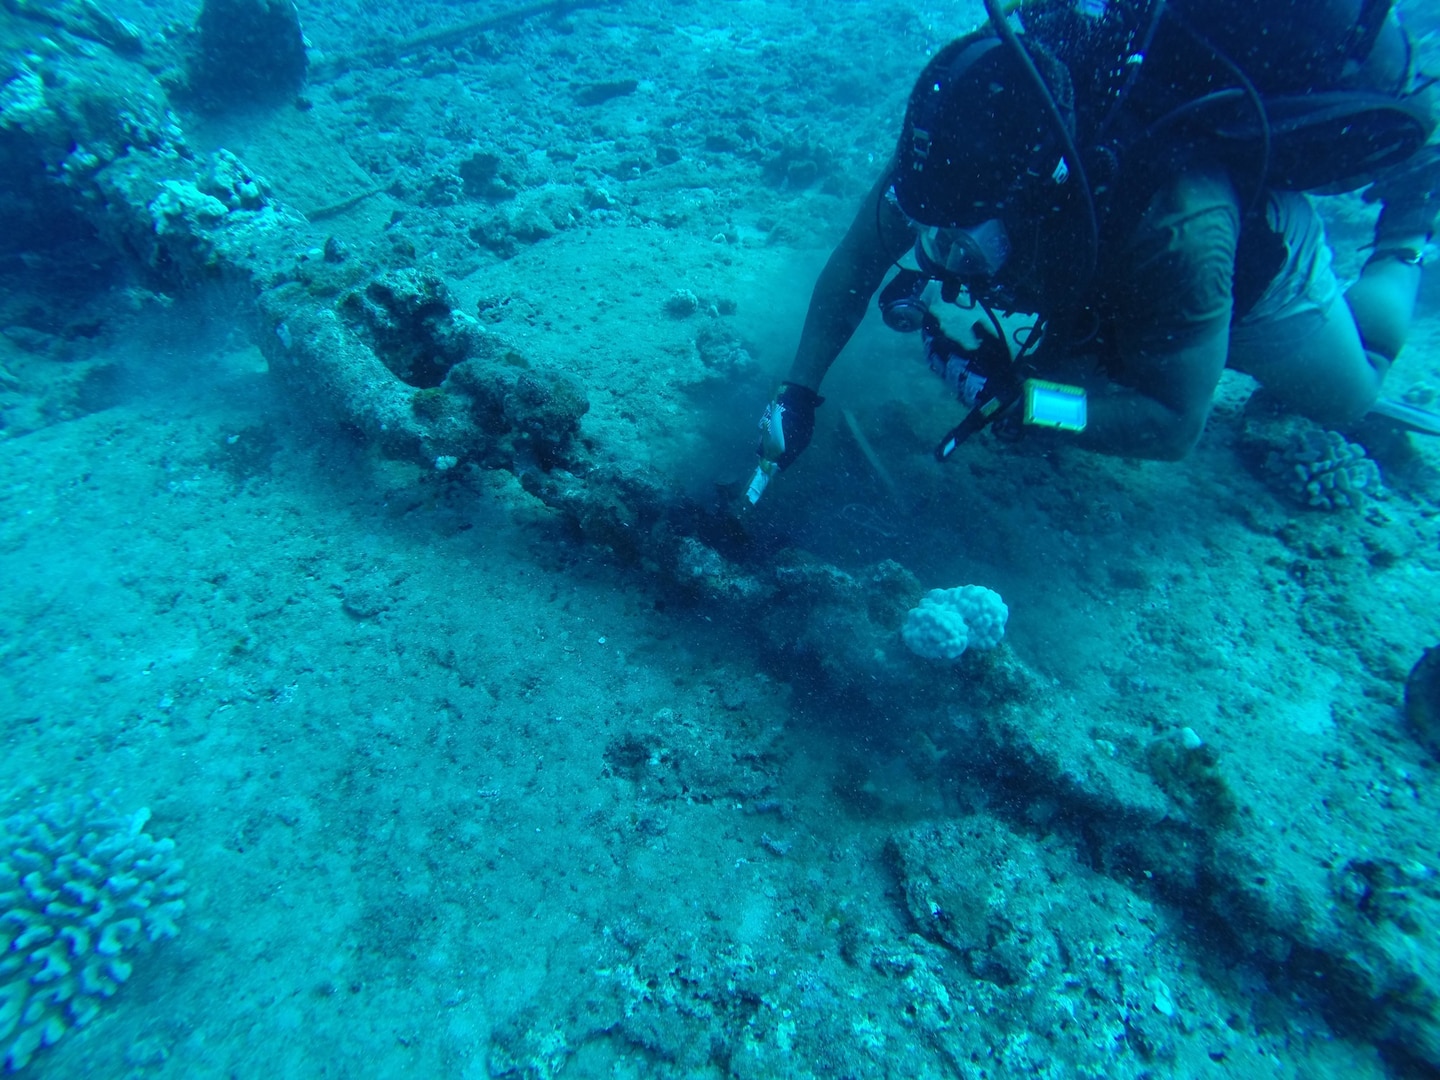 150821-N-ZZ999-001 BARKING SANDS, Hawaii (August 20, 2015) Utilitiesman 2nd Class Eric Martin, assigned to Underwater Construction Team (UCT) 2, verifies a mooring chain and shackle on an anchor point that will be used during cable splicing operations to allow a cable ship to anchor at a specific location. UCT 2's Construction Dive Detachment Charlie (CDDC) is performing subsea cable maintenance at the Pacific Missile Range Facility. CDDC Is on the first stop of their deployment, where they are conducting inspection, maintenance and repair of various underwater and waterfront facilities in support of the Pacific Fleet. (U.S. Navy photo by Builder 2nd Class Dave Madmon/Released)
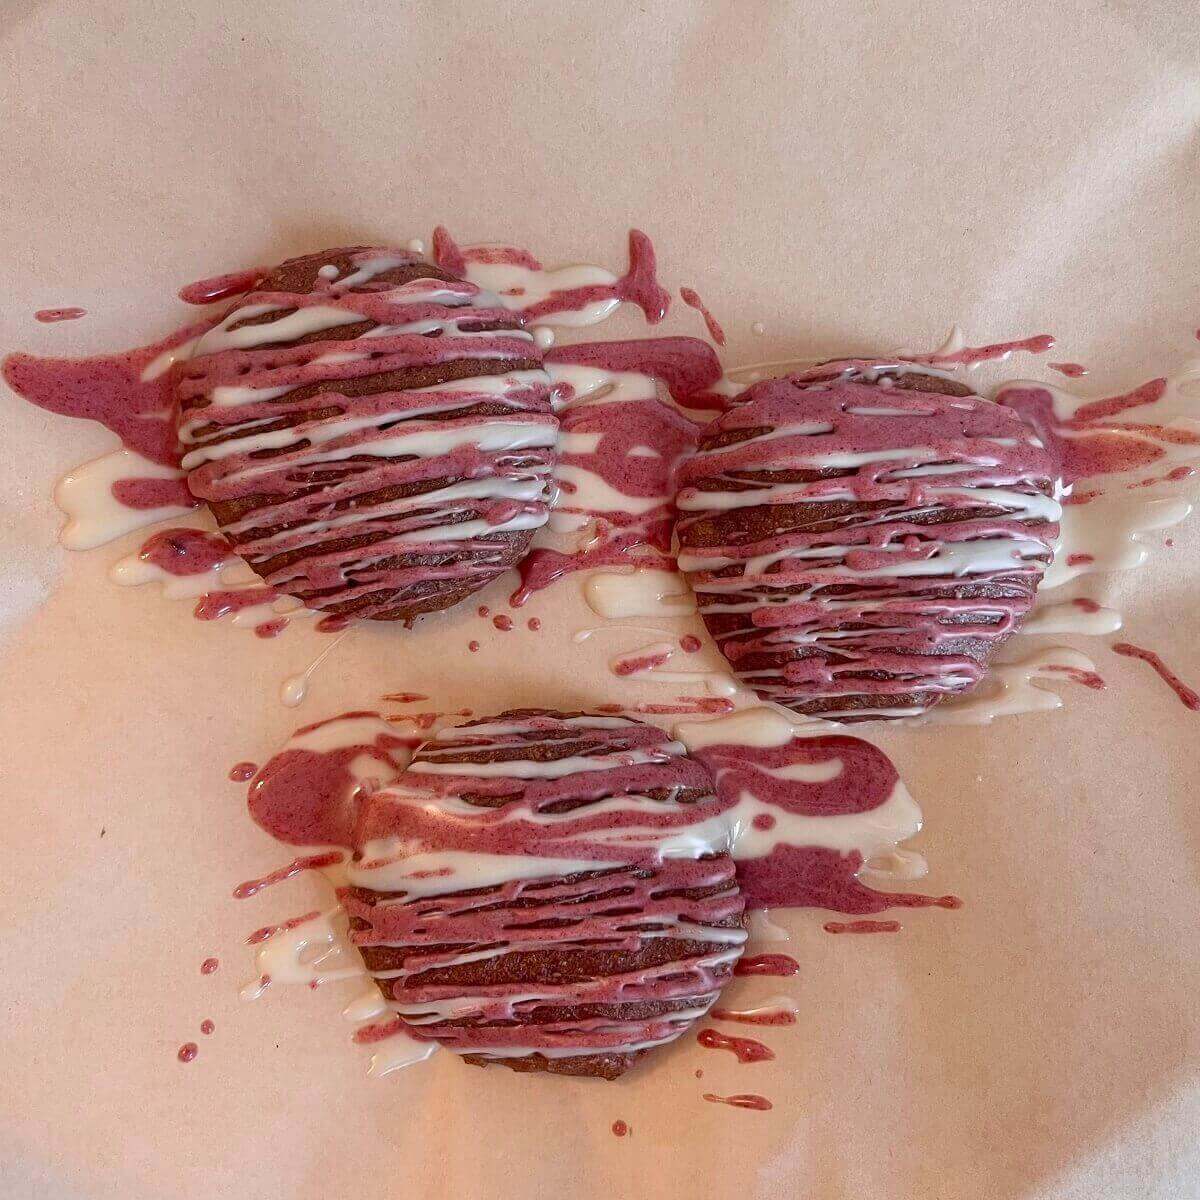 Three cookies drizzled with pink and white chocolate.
***
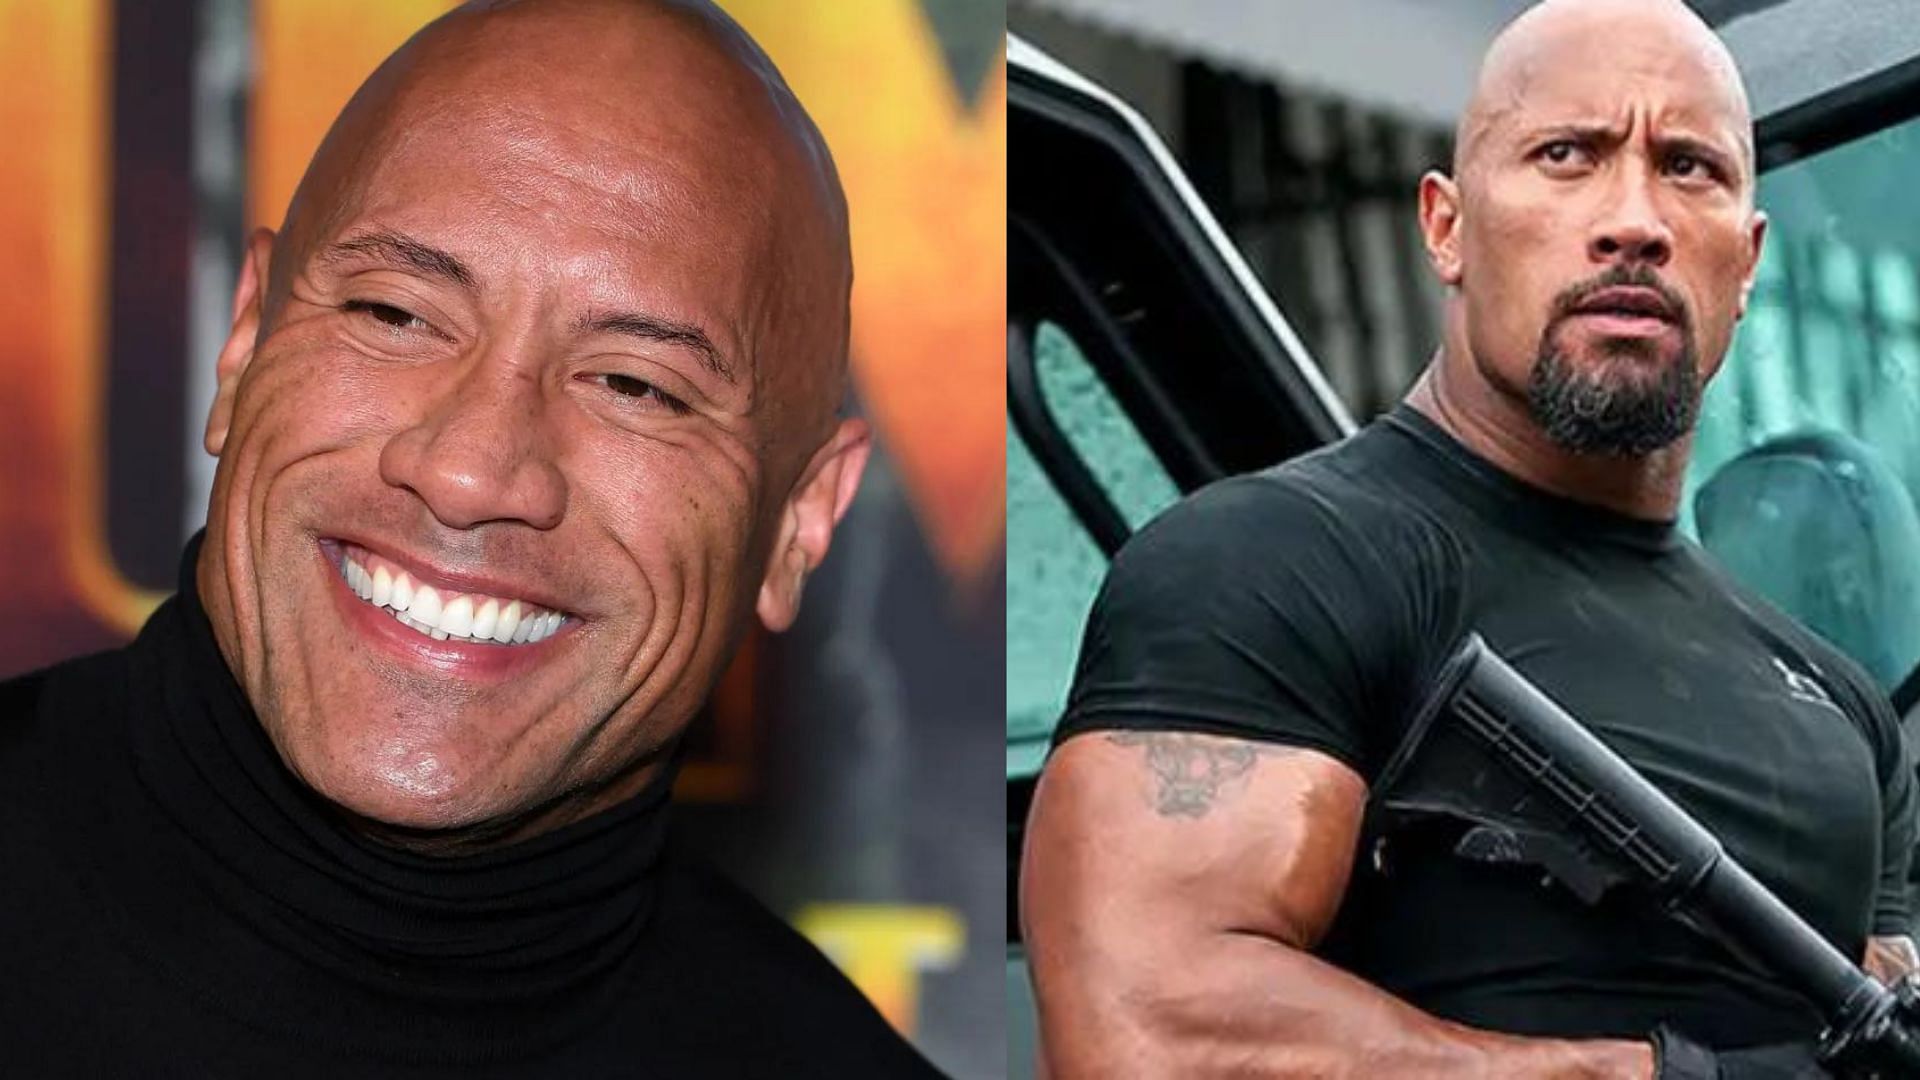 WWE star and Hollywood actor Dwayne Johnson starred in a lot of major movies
***
Problem requirements: Nothing but the lines above from the line with "150821-N-ZZ999-001 BARKING SANDS, Hawaii" up to and including the line with "Three cookies drizzled" should be returned, exactly as written and without pictures.

Output:
 150821-N-ZZ999-001 BARKING SANDS, Hawaii (August 20, 2015) Utilitiesman 2nd Class Eric Martin, assigned to Underwater Construction Team (UCT) 2, verifies a mooring chain and shackle on an anchor point that will be used during cable splicing operations to allow a cable ship to anchor at a specific location. UCT 2's Construction Dive Detachment Charlie (CDDC) is performing subsea cable maintenance at the Pacific Missile Range Facility. CDDC Is on the first stop of their deployment, where they are conducting inspection, maintenance and repair of various underwater and waterfront facilities in support of the Pacific Fleet. (U.S. Navy photo by Builder 2nd Class Dave Madmon/Released)
 Three cookies drizzled with pink and white chocolate.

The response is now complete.